The $1.23 billion total award value for this program management and integration contract is substantial. To benchmark its value, it should be compared against contracts for similar services (e.g., engineering support, project management, systems integration) awarded by NASA or other agencies like the Department of Defense or Department of Energy over the past five to ten years. Factors such as contract duration, scope of work, and the specific technical requirements will influence comparability. If this contract's value per year or per deliverable is significantly higher than comparable contracts, it could indicate potential overpricing or scope creep. Conversely, if it's lower, it might suggest a more competitive bid or a more efficient service delivery model. Access to detailed contract databases and market research reports would be essential for a robust comparison.

What are the primary risks associated with the Cost Plus Fixed Fee (CPFF) contract type used for this award, and how are they being mitigated?

The Cost Plus Fixed Fee (CPFF) contract type carries inherent risks, primarily the potential for cost overruns. While the contractor is paid their actual costs plus a fixed fee, there's less incentive for them to control costs aggressively compared to fixed-price contracts. This can lead to the government paying more than anticipated if the contractor's costs escalate. Mitigation strategies typically involve robust government oversight, detailed cost tracking, regular audits, and clear definition of allowable costs. NASA's contracting officers and technical teams would need to diligently monitor expenditures, scrutinize invoices, and ensure that all costs incurred are reasonable, allocable, and necessary for contract performance.
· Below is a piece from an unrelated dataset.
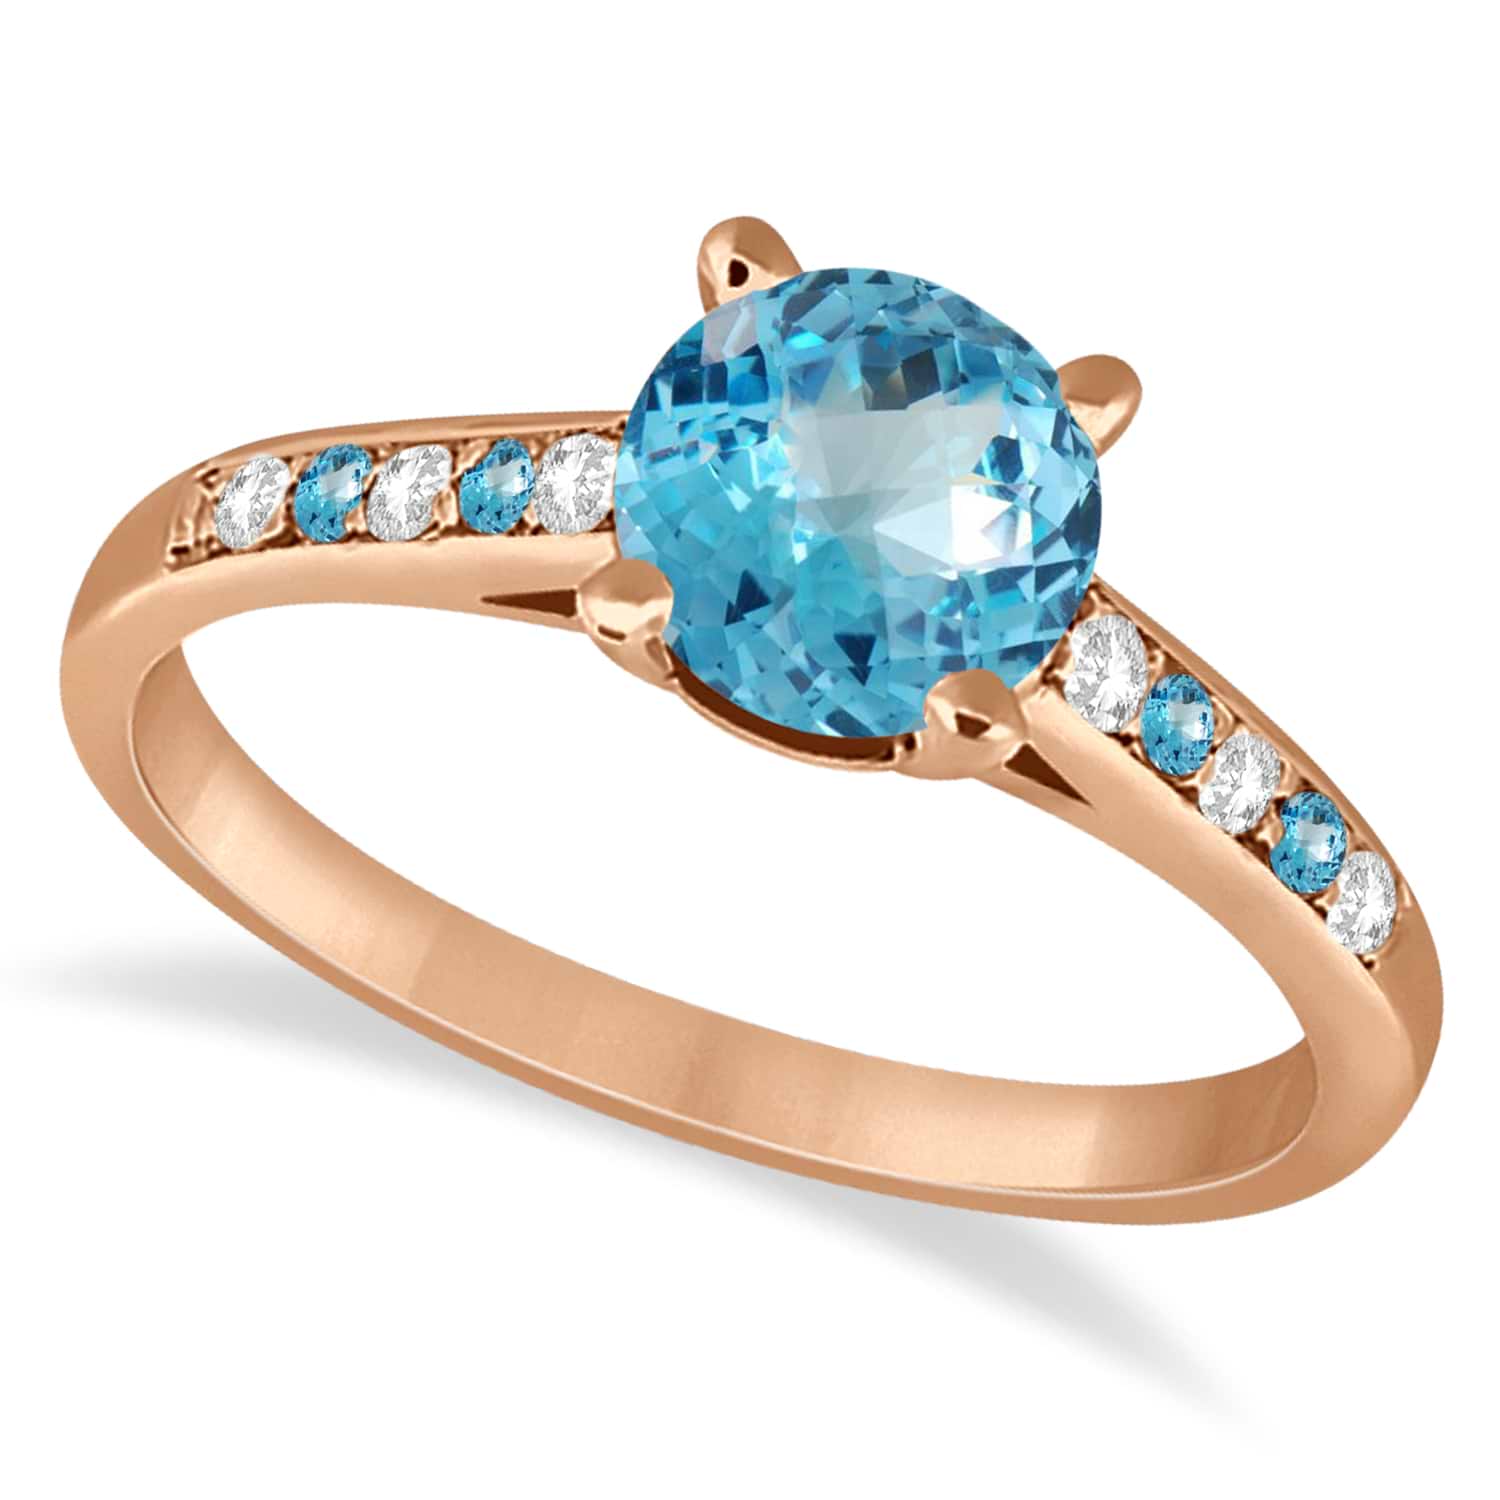 Cathedral Blue Topaz & Diamond Engagement Ring 18k Rose Gold (1.20ct)

Strong contract management practices are paramount to managing the risks associated with CPFF agreements.

Given the 'Full and Open Competition After Exclusion of Sources' award type, what was the rationale for excluding certain sources, and what impact did this have on overall competition?

The rationale for excluding sources in a 'Full and Open Competition After Exclusion of Sources' award typically stems from specific technical requirements, unique capabilities, or proprietary information that only certain contractors can provide. However, this exclusion inherently limits the competitive pool. The impact on overall competition can be significant; fewer bidders may result in less aggressive pricing and potentially limit the range of innovative solutions considered. To assess the impact, one would need to understand the specific criteria used for exclusion and whether these criteria were justified and narrowly tailored. If the exclusions were overly broad or not well-substantiated, it could suggest a less competitive process than intended, potentially leading to higher costs for the government and taxpayers. The fact that six bidders participated suggests some level of competition remained, but the exclusions warrant scrutiny.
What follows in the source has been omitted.